Yes, we also do it via:

1. <link/> in <head/>
2. "Link:" response headers.

We've used all the options the Web gives us, but sometimes its still not 
enough :-)

>> You have to explore the TBox (ontology links).
> I did, and because I couldn't see anything, I read the RDF behind it, too. It may be non-obviously-linked, but as far as I could see there is no spec nor human-readable description of what the fingerprint is meant to contain according to your schema, except for its datatype (string), range (hex) and domain (a certificate). How can one verify or even generate a fingerprint when there's nothing that tells you what the rules are?

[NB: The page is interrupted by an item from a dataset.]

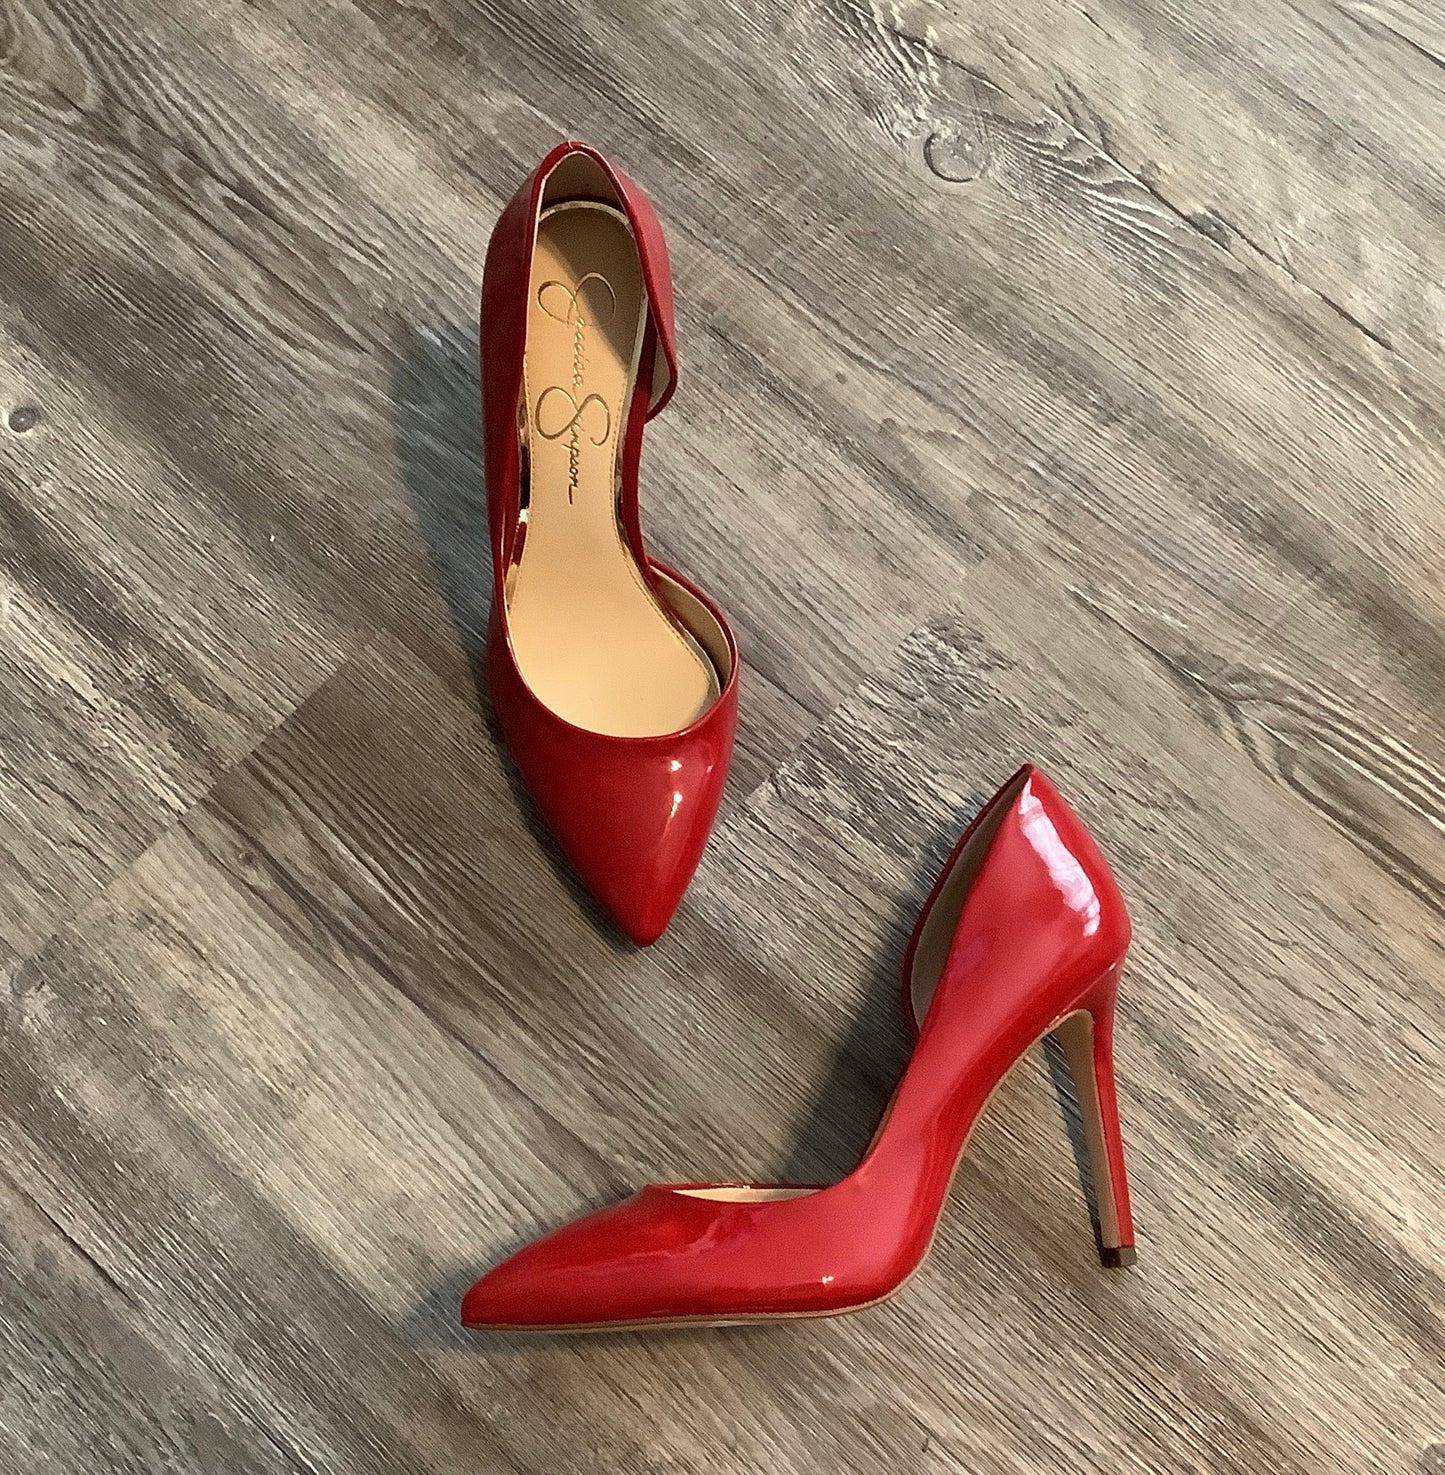 Shoes Heels Stiletto By Jessica Simpson  Size: 8

In the case of WebID, post successful TLS handshake, there is a lookup 
against modulus and exponent (public key components) of the cert. used 
in the handshake. All we are doing is adding a fingerprint lookup to 
this process. That's it :-)

> It has to -come- from somewhere, right? It’s not self-describing or self-explanatory. A fingerprint which has no generation rules has, by definition, no use.

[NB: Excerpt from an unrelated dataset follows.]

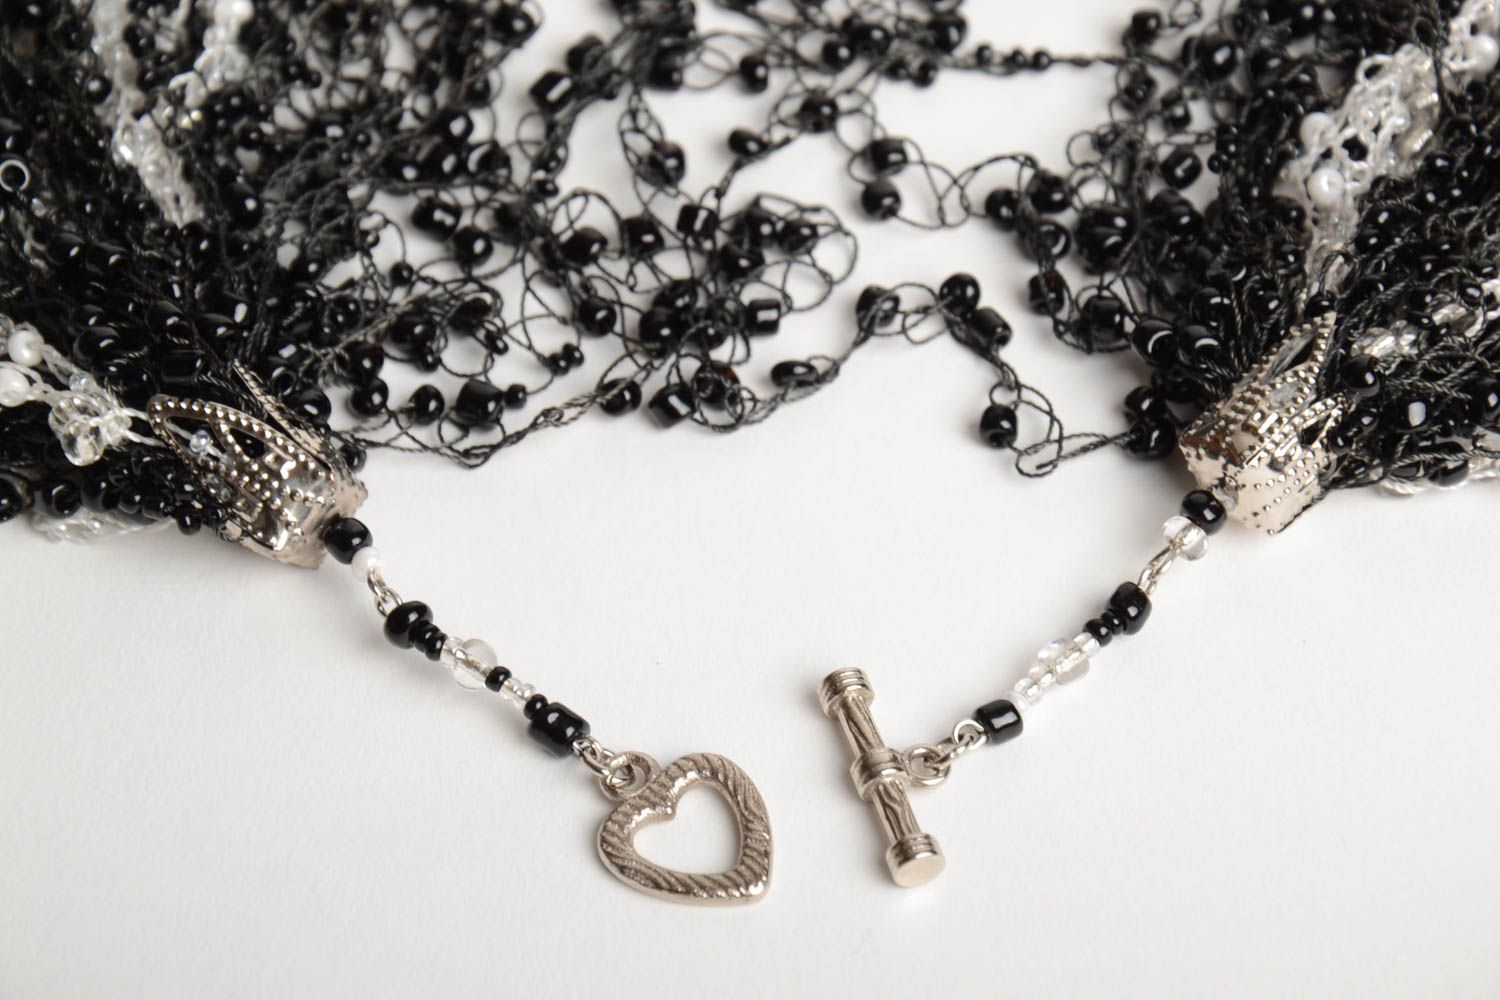 Handmade volume necklace crocheted of Czech beads in black and white colors photo 4

Correct, but that isn't the case re. WebID protocol. The "mirrored 
claims" based proof is driven by the fact that an association exists in 
an IdP space that associates a cert. subject (Identified using WebID) 
with a certificate (the one used in the TLS handshake). Thus, modulus 
and exponent and/or fingerprint (hash of the cert which is part of the 
cert used in the handshake) == fine.

>> Think a little different. It is about letting you use a tweet to publish claims associated a verifiable identifier (aka. WebID). It also enables a simple tweet deletion to invalidate a certificate in a keystore/keychain e.g. when you PC, notebook, tablet, phone gets stolen.
> Right… okay, that's a really horrid use of Twitter (I mean, technologically it's neat, but as a -user- it amounts to abuse of the medium and, more importantly, abuse of the people who follow me).

Twitter is a public space. You tweet what you like. Folks subscribe to 
your tweets or tune out. They have the freedom to do that. The 
fundamental goal here is to place a claim in a space you own/control. It 
works for Tweets, Blog Posts, LinkedIn posts, Facebook etc..
>>> Your original point was "there's conflation between certs and keys going on", which I don't doubt — because everything which talks about 'fingerprints' tends to not specify *what* binary data is being hashed and how, but all of the real-world uses of fingerprints in their various guises seem to be key-oriented, not cert-oriented, even if they pretend otherwise by being attached to certificates and certificate-related things.
>> Yes, and be it public key components (modulus and exponent) or an entire certificate hash, the end game is use of "mirrored claims" and security tokens as mechanism for verifying subjects.
> You’re either missing or ignoring my point: as underdocumented as the properties may be, no uses of “fingerprint” in the real world appear to be “certificate hashes” — they’re all key hashes.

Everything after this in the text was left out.